PROBLEM |
Output exactly, in the material below, the lines from the one with "Hurry! 25% off" through the one with "c1905 Christmas Greetings". Omit all pictures.

DATA FOR THIS EXERCISE |
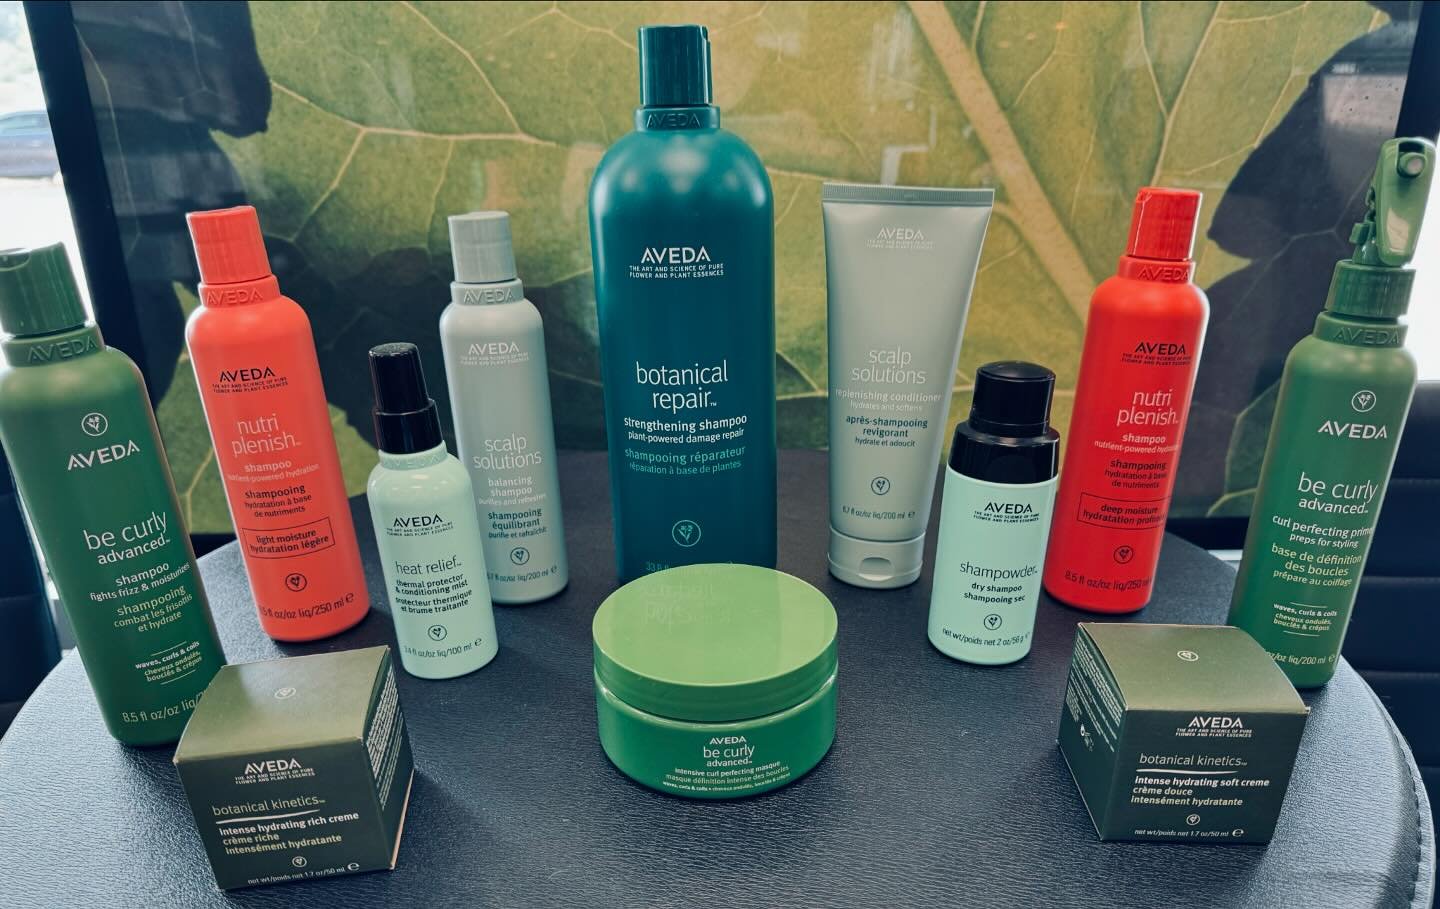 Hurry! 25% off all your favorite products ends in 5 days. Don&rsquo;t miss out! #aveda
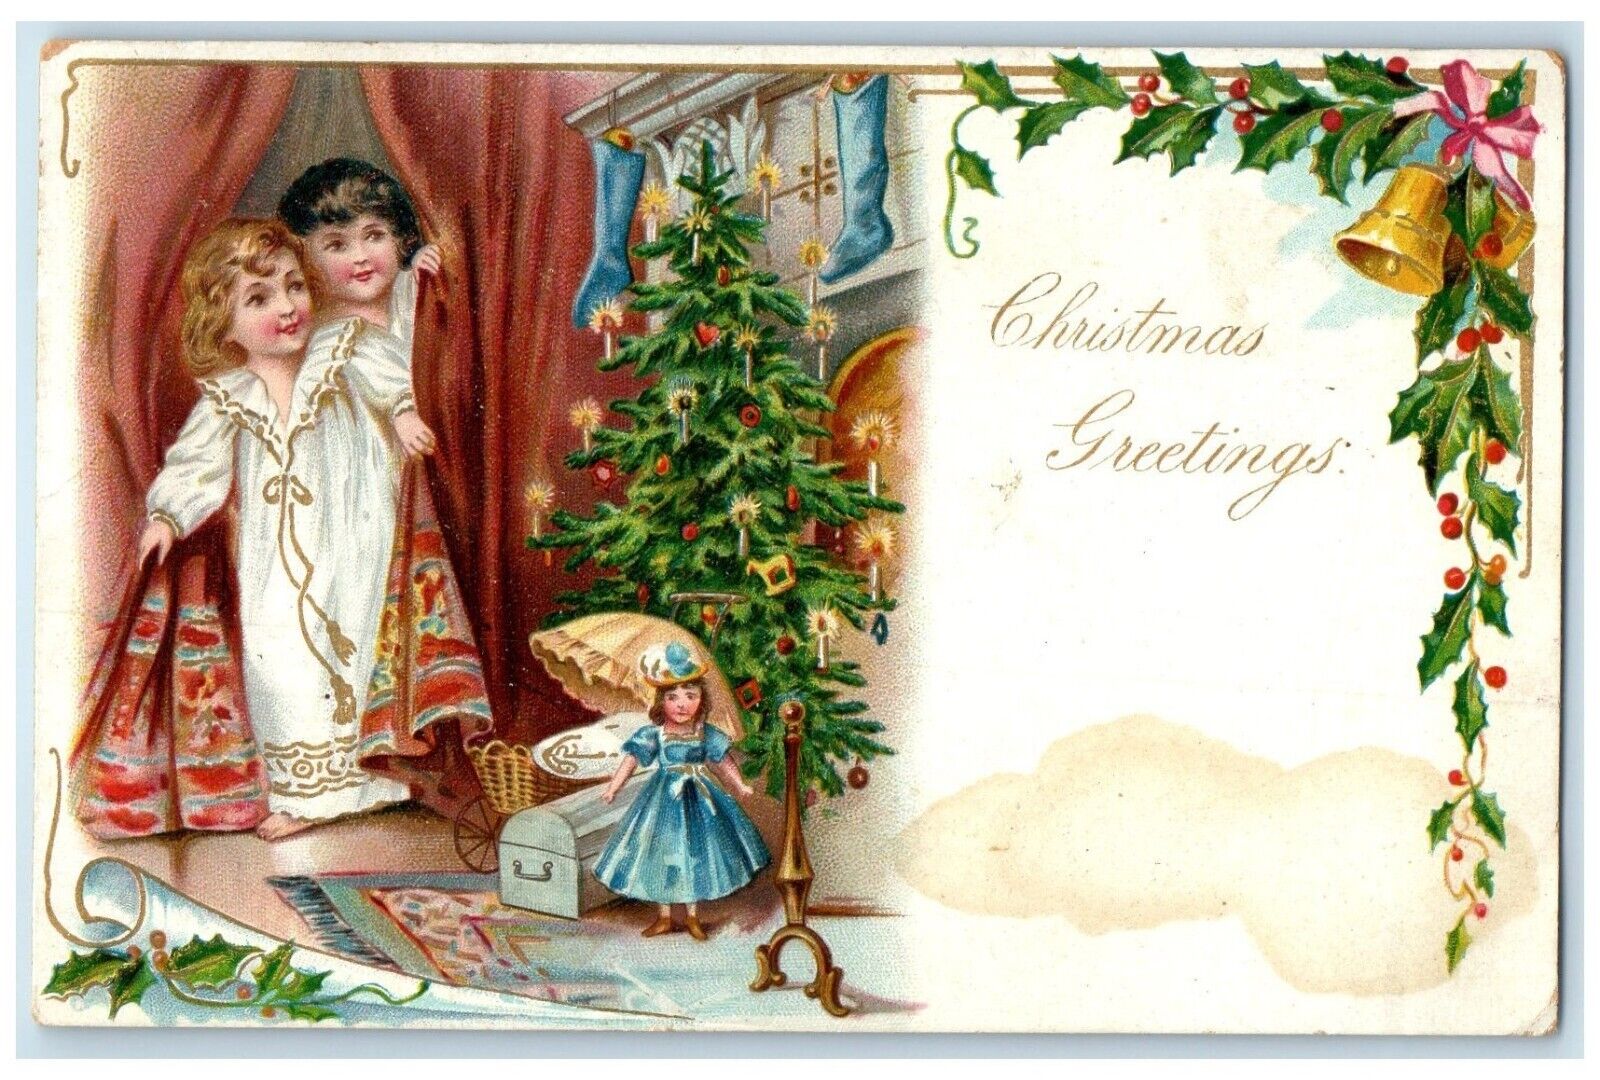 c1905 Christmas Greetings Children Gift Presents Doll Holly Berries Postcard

==

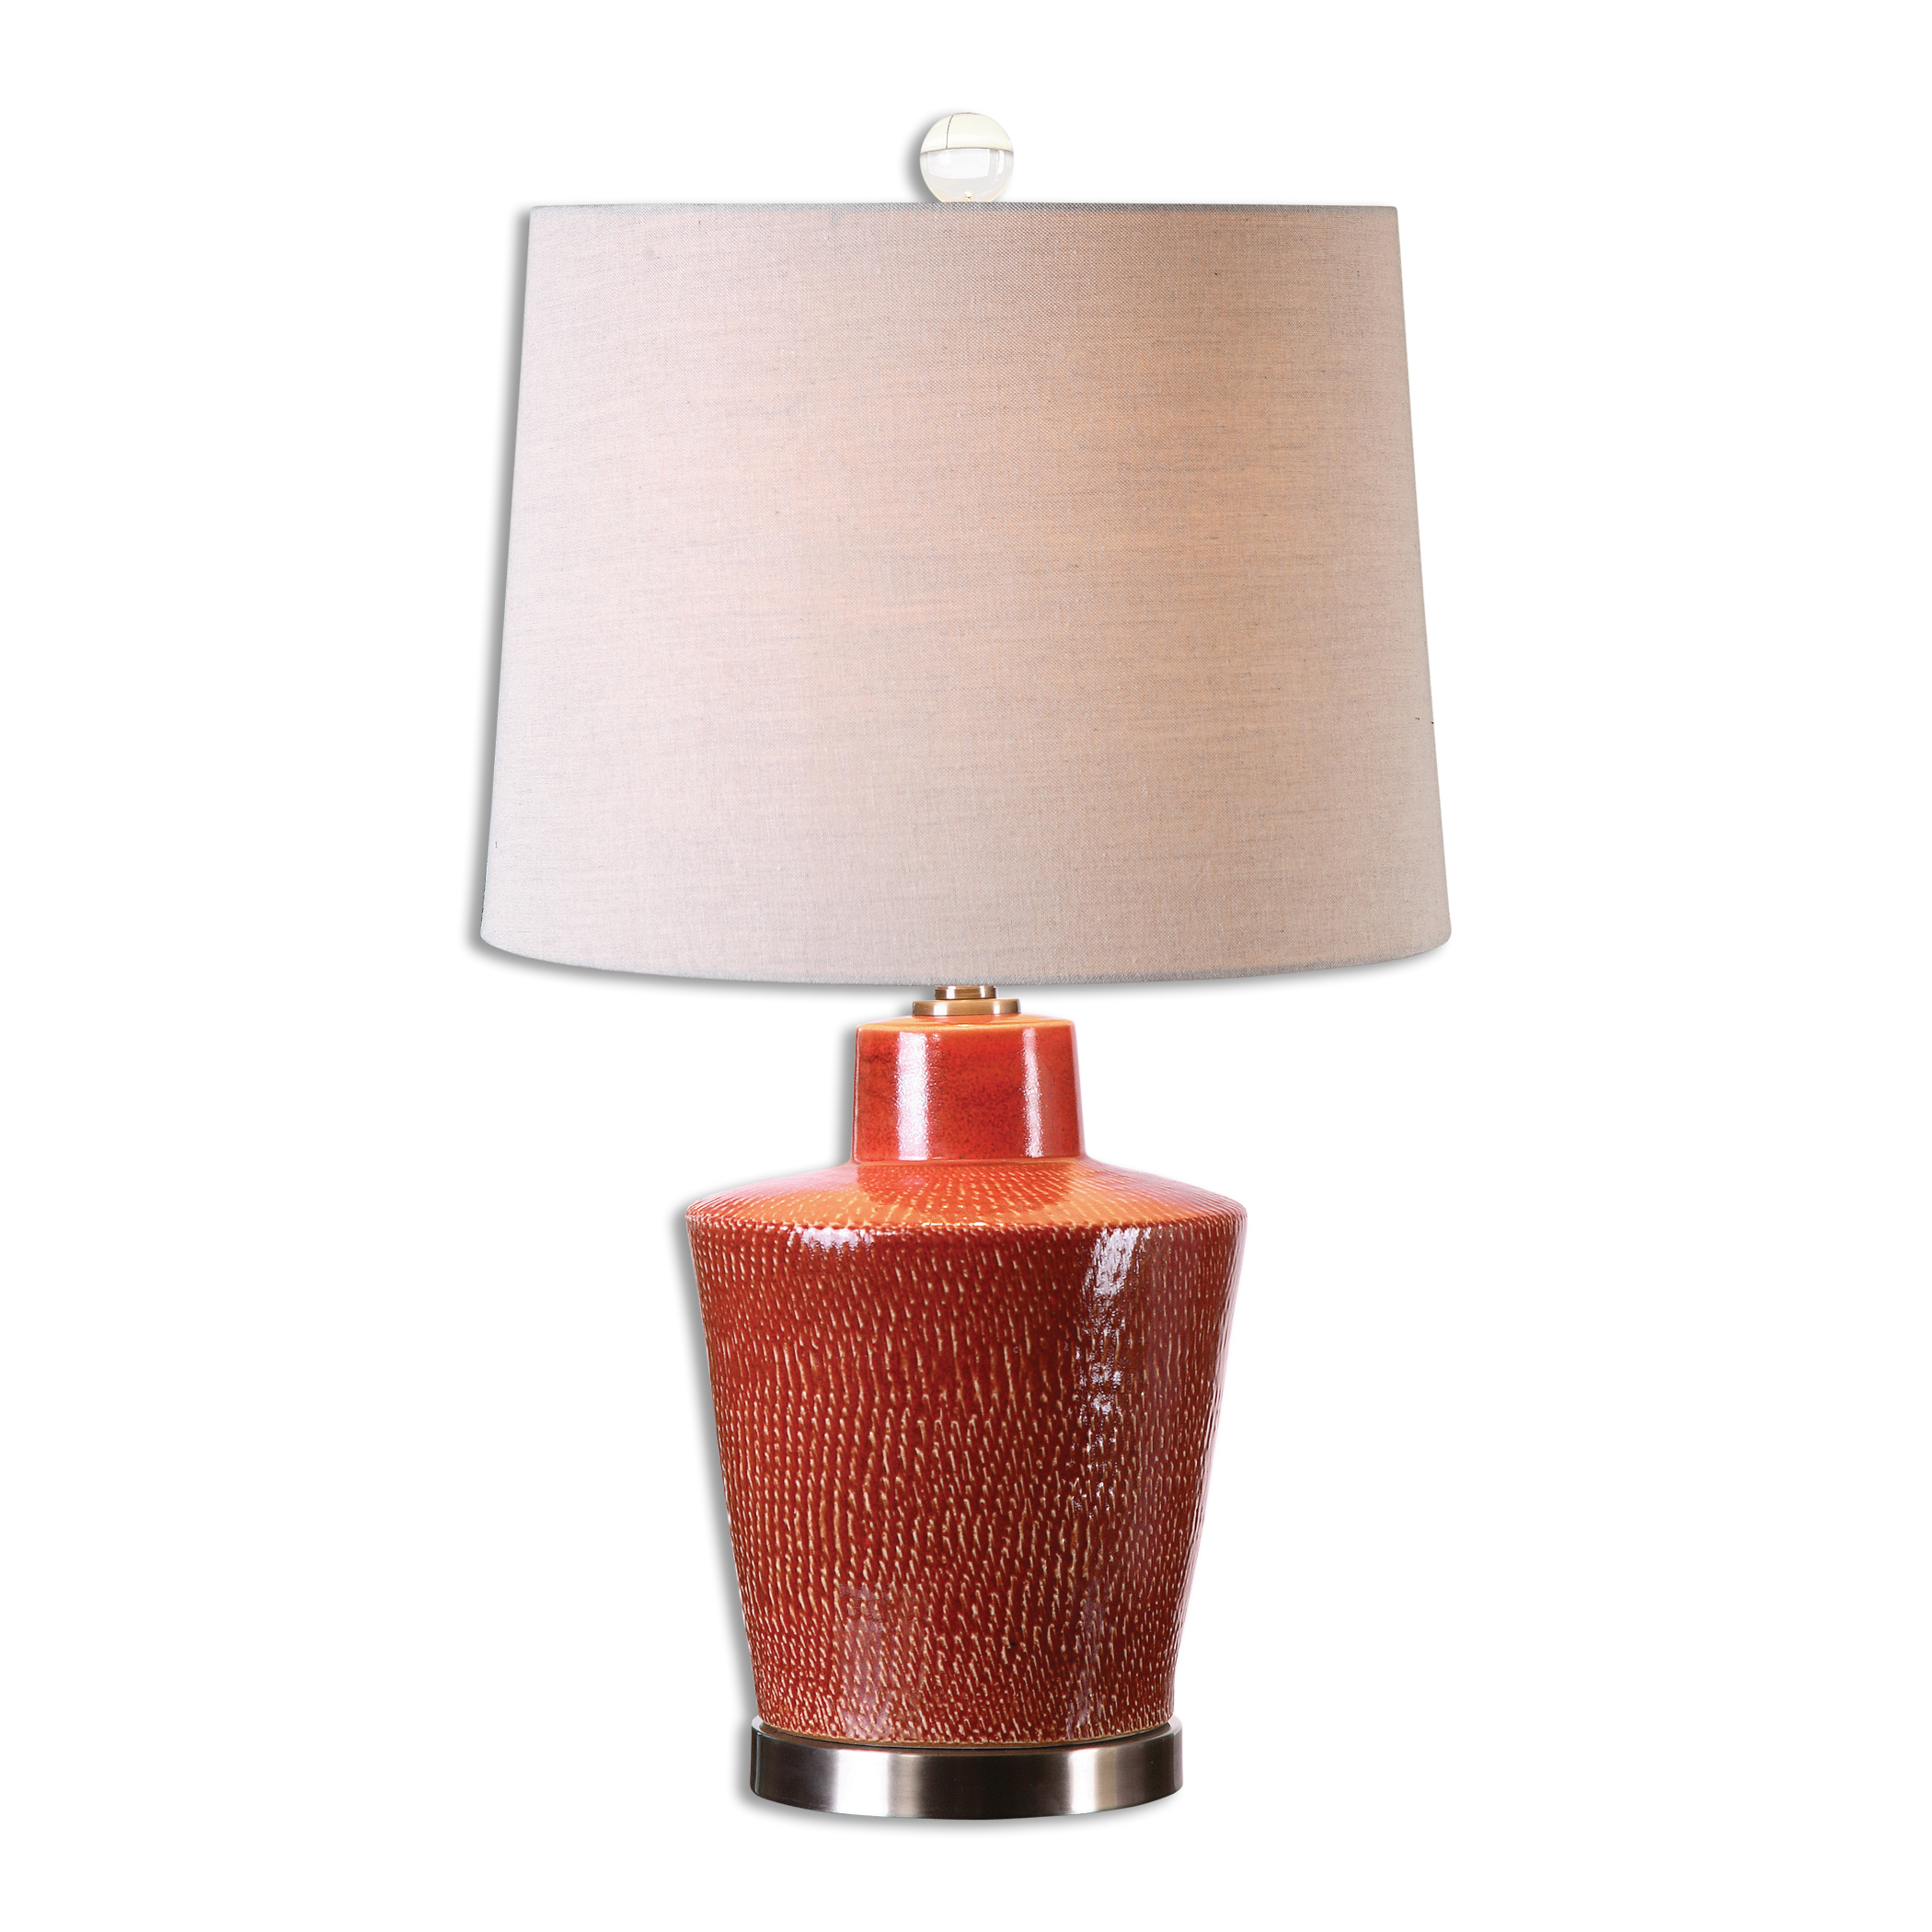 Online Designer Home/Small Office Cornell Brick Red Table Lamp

YOUR RESPONSE |
 Hurry! 25% off all your favorite products ends in 5 days. Don&rsquo;t miss out! #aveda
 c1905 Christmas Greetings Children Gift Presents Doll Holly Berries Postcard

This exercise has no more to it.